Starting with the Senate:
The rules of the Senate currently ensure a balanced approach to debating important matters. Among them is the filibuster, which requires 60 votes to end debate on a motion and move to a vote. The filibuster’s purpose is to force competing groups of senators to find compromise solutions rather than ram through items driven by the extremes of either party.
Yet Majority Leader Harry Reid wants to undo this system by eliminating the 60-vote threshold.
Under the current rules, the Senate’s minority party has limited opportunities to influence legislation. It can do so in three main ways: by offering amendments in committee, by offering amendments on the Senate floor, and by negotiating with the majority party before the so-called cloture vote to end debate.
Sen. Reid has already gutted two of these three opportunities, which is a major reason for today’s stalemate.
He has made unprecedented use of Senate Rule 14, for example, which allows the majority leader to bypass committees and write bills behind closed doors. Sen. Reid has used this rule to skip committees nearly 70 times, bringing bills straight to the floor—with zero input from members of the minority.
His other favorite maneuver, called “filling the tree,” involves filling all the slots for amendments on the Senate floor so that no other senator (of either party) can offer one. He has done this 69 times since becoming majority leader in 2007. That is more than twice as often as the last four majority leaders combined.

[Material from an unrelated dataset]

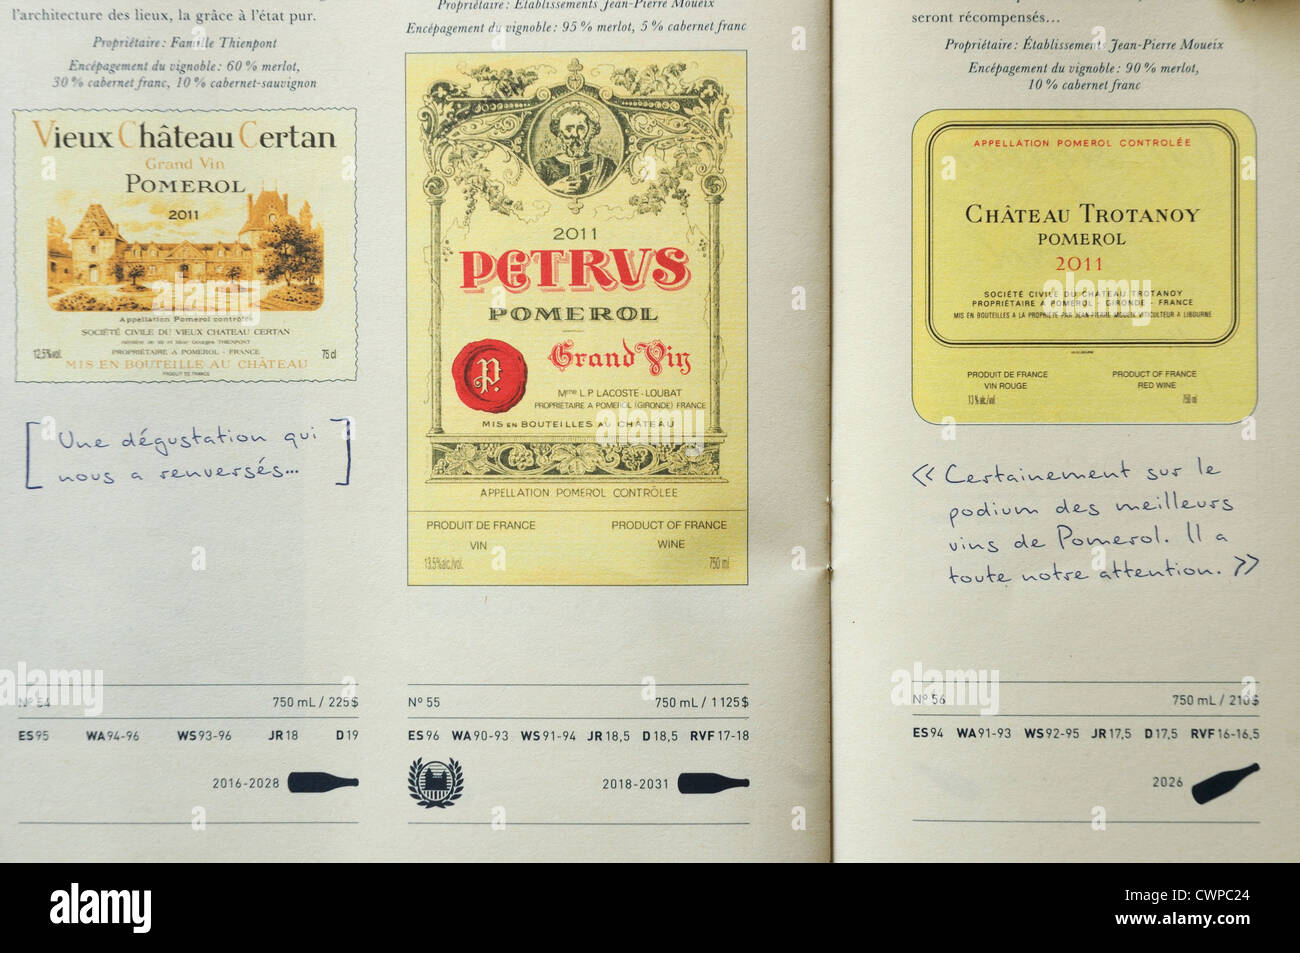 A fine wine catalogue featuring Petrus and other Pomerol wines 2011 en primeur Stock Photo

I was planning to write that since the filibuster is a Senate rule, the Senate is entitled to change it. And woe betide the Democrats if they change the rule and then fall into the minority. (When they’d only squeal like stuck pigs to change it back.)

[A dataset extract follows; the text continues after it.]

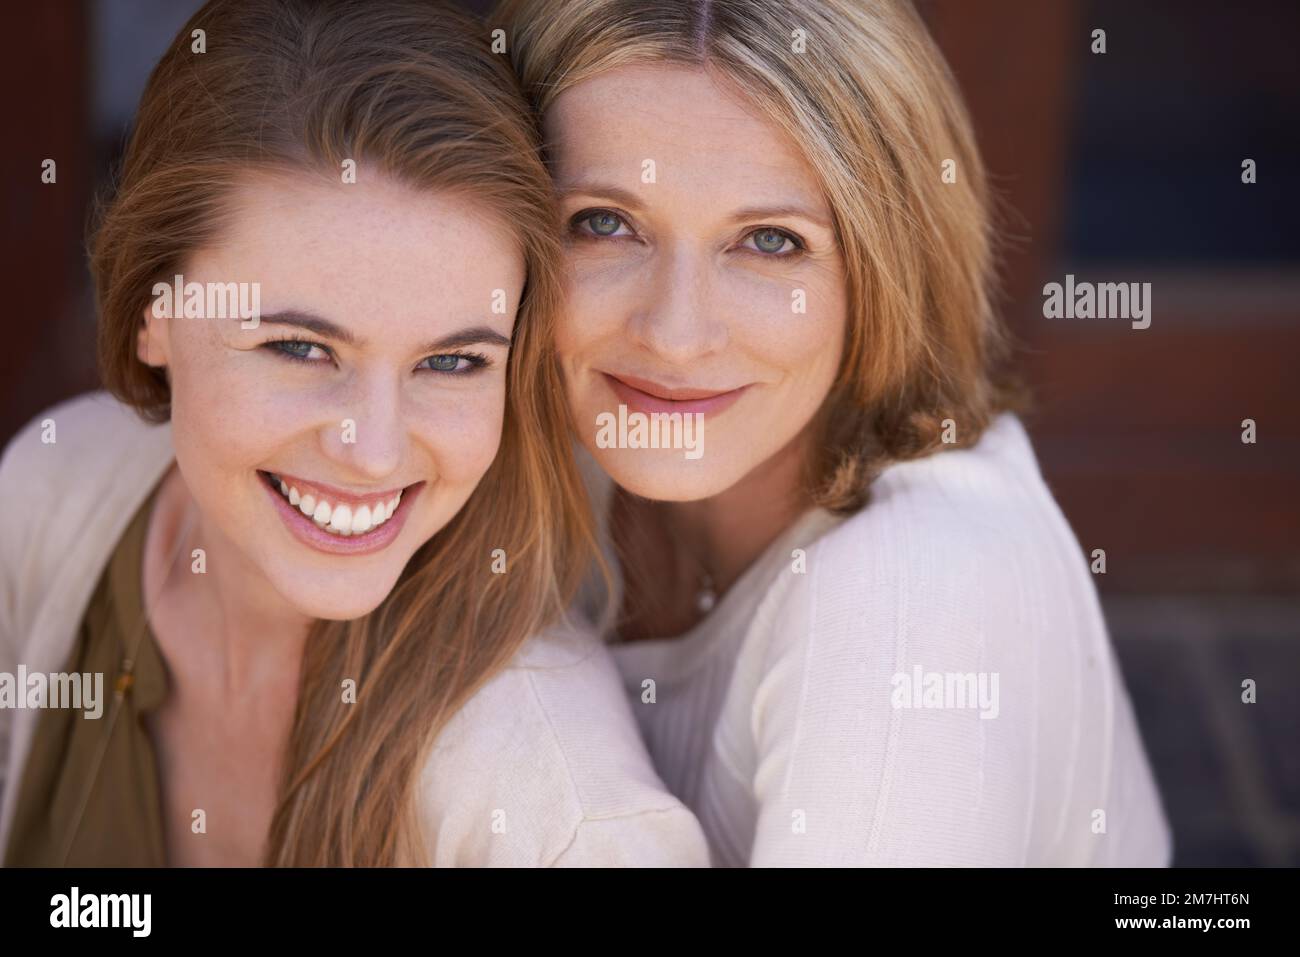 They have a special relationship. Portrait of a loving mother and daughter standing close together. Stock Photo

But then I read the details, as outlined above. Harry Reid, like Nancy Pelosi when she was House Speaker, and Barack Obama in the White House, is a Democrat who doesn’t believe in democracy. Czars, railroading, “deeming”, taxes that aren’t taxes, recess appointments—Republicans have engaged in some (though not all) of these tactics, but nowhere near to the degree of this Axis of Evil.

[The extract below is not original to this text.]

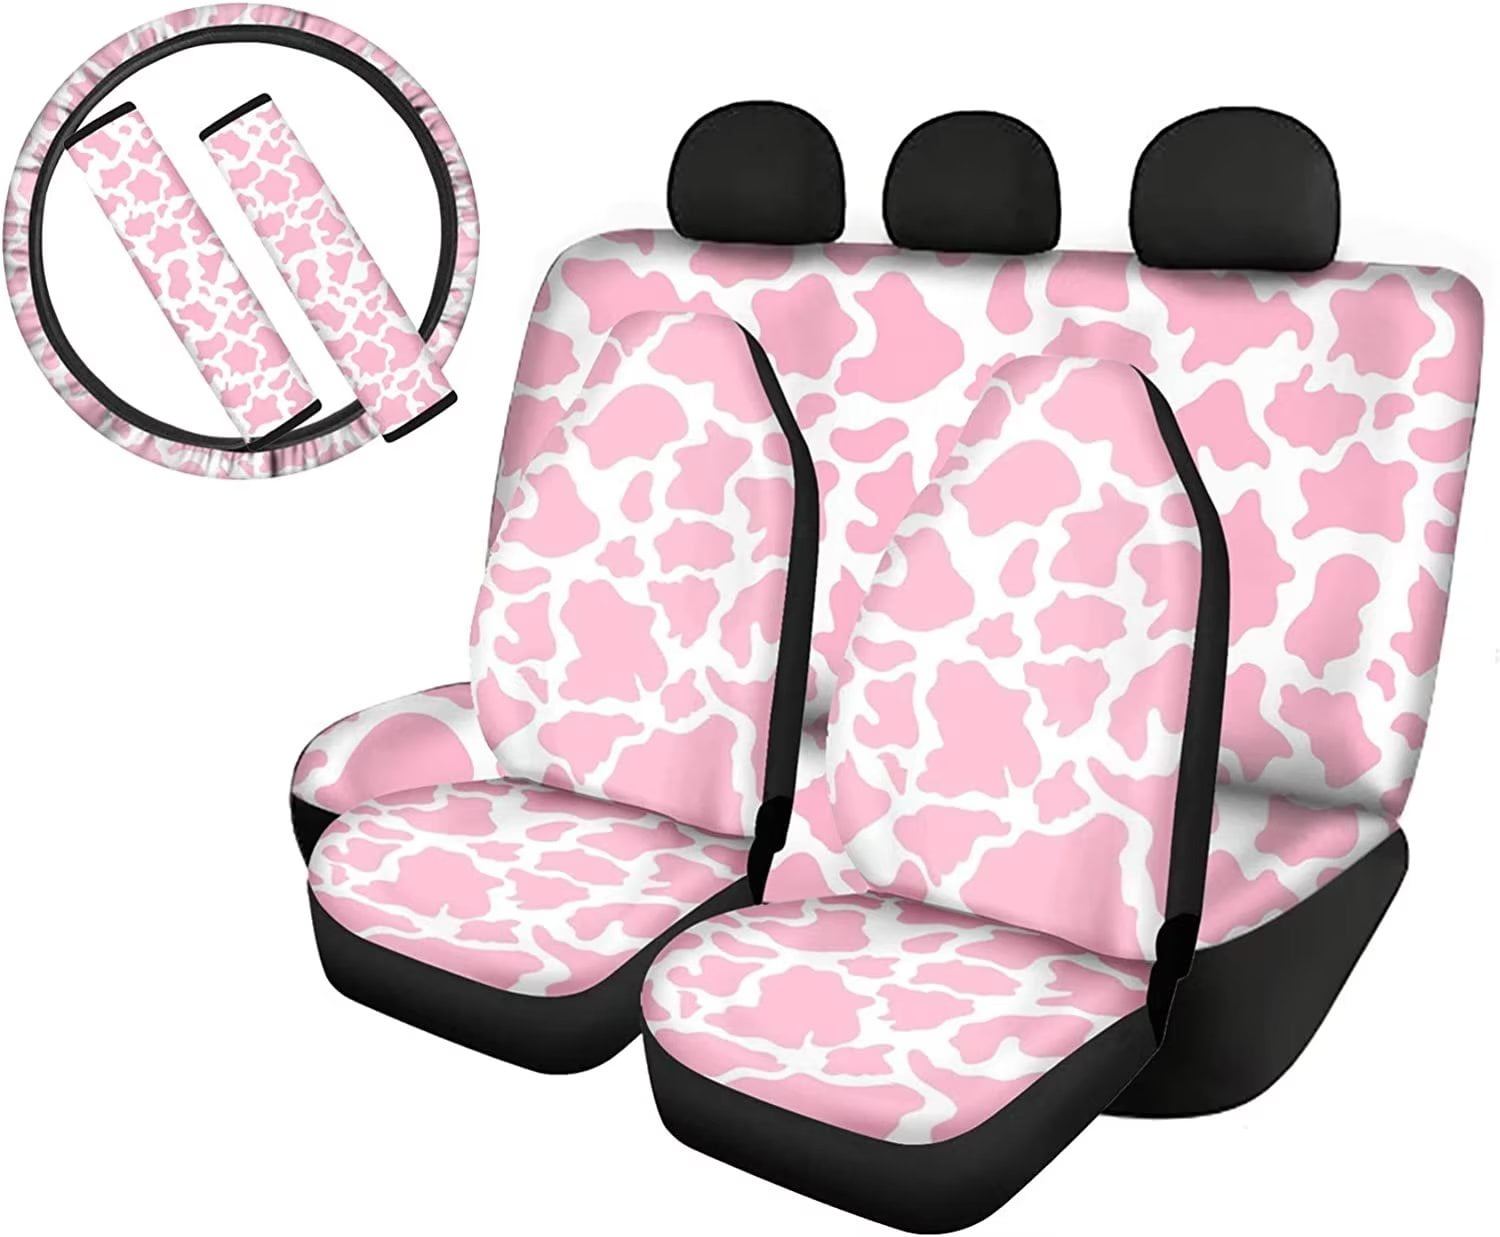 2pcs/set Butterfly Pattern Printed Elastic Car Seat Covers

In their push to jettison the 60-vote threshold, they are peddling the false notion that they can change Senate rules with a simple majority as long as they do so at the beginning of a new Congress. In fact, a change to the rules always requires 67 votes. Otherwise, any group of 51 senators could change the rules whenever they liked. The Senate has never worked that way.
When they served in the Senate, President Barack Obama and Vice President Joe Biden fought against the very steps Sen. Reid is trying to take today. In 2005, then-Sen. Obama said: “If the majority chooses to end the filibuster—if they choose to change the rules and put an end to democratic debate—then the fighting and bitterness and the gridlock will only get worse.” Then-Sen. Biden agreed, saying: “At its core, the filibuster is not about stopping a nominee or a bill, it is about compromise and moderation.”
The Senate was designed to be the more deliberative body. With fewer members than the House, who serve terms three times longer, the Senate is meant to be cushioned from the violent swings of public sentiment. But under Reid, deliberation itself is under assault.
I always thought Harry Reid was just a partisan hack. Then I read his reprehensible comments about Mitt Romney and the faith they share, and I realized what a despicable human being he is. Now I read this, and I learn what the offspring of partisan hackery and reprehensible despicability looks like.